Come nella performance entrano in gioco sentimenti ed erotismo, che poi vengono come lasciati
andare, dissipati o meglio condensati nella bellezza dell’immagine finale, così nelle opere che ne
derivano, l’artista coglie l’essenza nella forma che essa assume di volta in volta. Valgano gli esempi
delle sue fruste – forse le sue opere più note - di fogge e dimensioni diverse, realizzate con cristalli
Swarovski; della grande ruota realizzata nella chiesa di santa Sofia, a Salerno nel 2009, strumento
di una performance tutta giocata sulla memoria delle torture dell’Inquisizione. La ruota, ormai
‘neutralizzata’ dall’assenza del corpo, per la cui sofferenza era stata creata, è stata lasciata come
installazione in cui si leggono il partito decorativo, fatto ad imitazione del rosone ornamentale
traforato tipico delle facciate delle chiese gotiche, e ancora i cristalli e i loro riverberi luminosi
sotto l’effetto della luce.
Nel progetto per Castel Sant’Elmo la monumentalità del sito e l’enorme spazio di riferimento
aggiungono echi ulteriori alla lettura dell’opera: la percezione dell’artista coglie e trasmette
un’eredità di sofferenza che connota la vita stessa del Castello - fortezza usata prevalentemente
come carcere - dalla sua rifondazione, avvenuta nella Napoli vicereale cinquecentesca, fin quasi ai
nostri giorni.
L’immagine creata con le tre lame, e il loro movimento, ha l’ambizione di porsi come un
risarcimento, in termini di qualità visiva e anche di ripristino di una funzione temporale
attualizzata del luogo stesso: le lancette girano verso il passato ma scandiscono il tempo dell’oggi.

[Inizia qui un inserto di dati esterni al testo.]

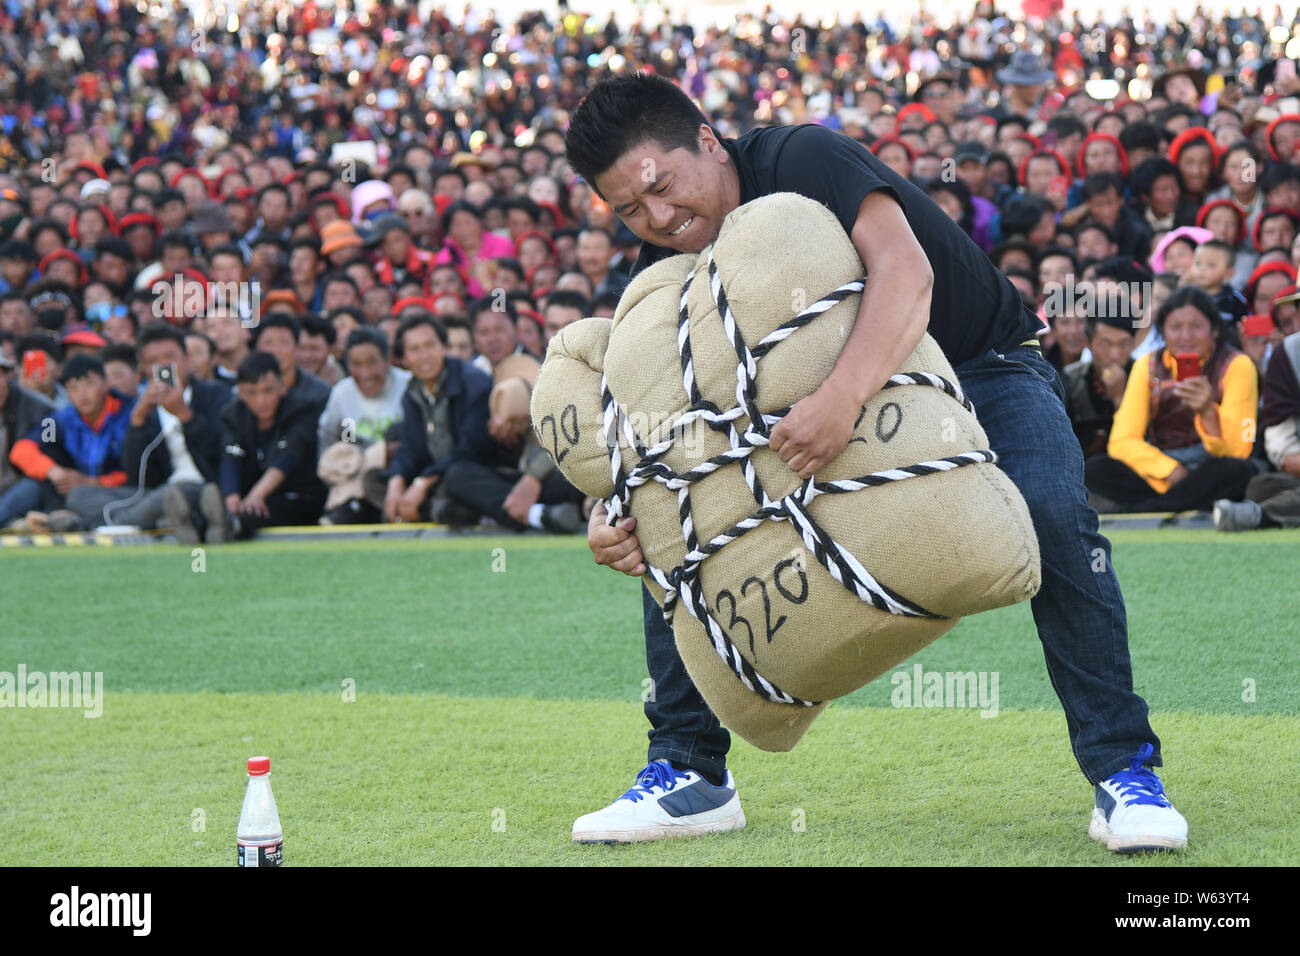 Un partecipante tenta di sollevare un contrappeso durante un uomo forte sfida nella contea di Markam, Chamdo city, a sud-ovest della Cina di regione autonoma del Tibet, 4 Settemb Foto Stock

E’ la vocazione del Castello a stare nel presente, è riaffermata anche attraverso questo concorso,
le cui motivazioni si legano con la presenza del Museo del ‘900 e le tante manifestazioni artistiche,
musicali e di spettacolo che vi si svolgono. Sant’Elmo ha, con il suo potenzialmente inesauribile
sguardo sulla città, come un cannocchiale onnisciente, la vocazione a guardare ‘dentro’ e a
guardare ‘oltre’. Dentro la cultura, la storia del nostro passato e oltre, verso nuove e sempre
diverse condivisioni con le componenti vitali della nostra città e del mondo, grazie a una
lungimiranza che solo l’immaginazione, l’arte, i giovani possono avere.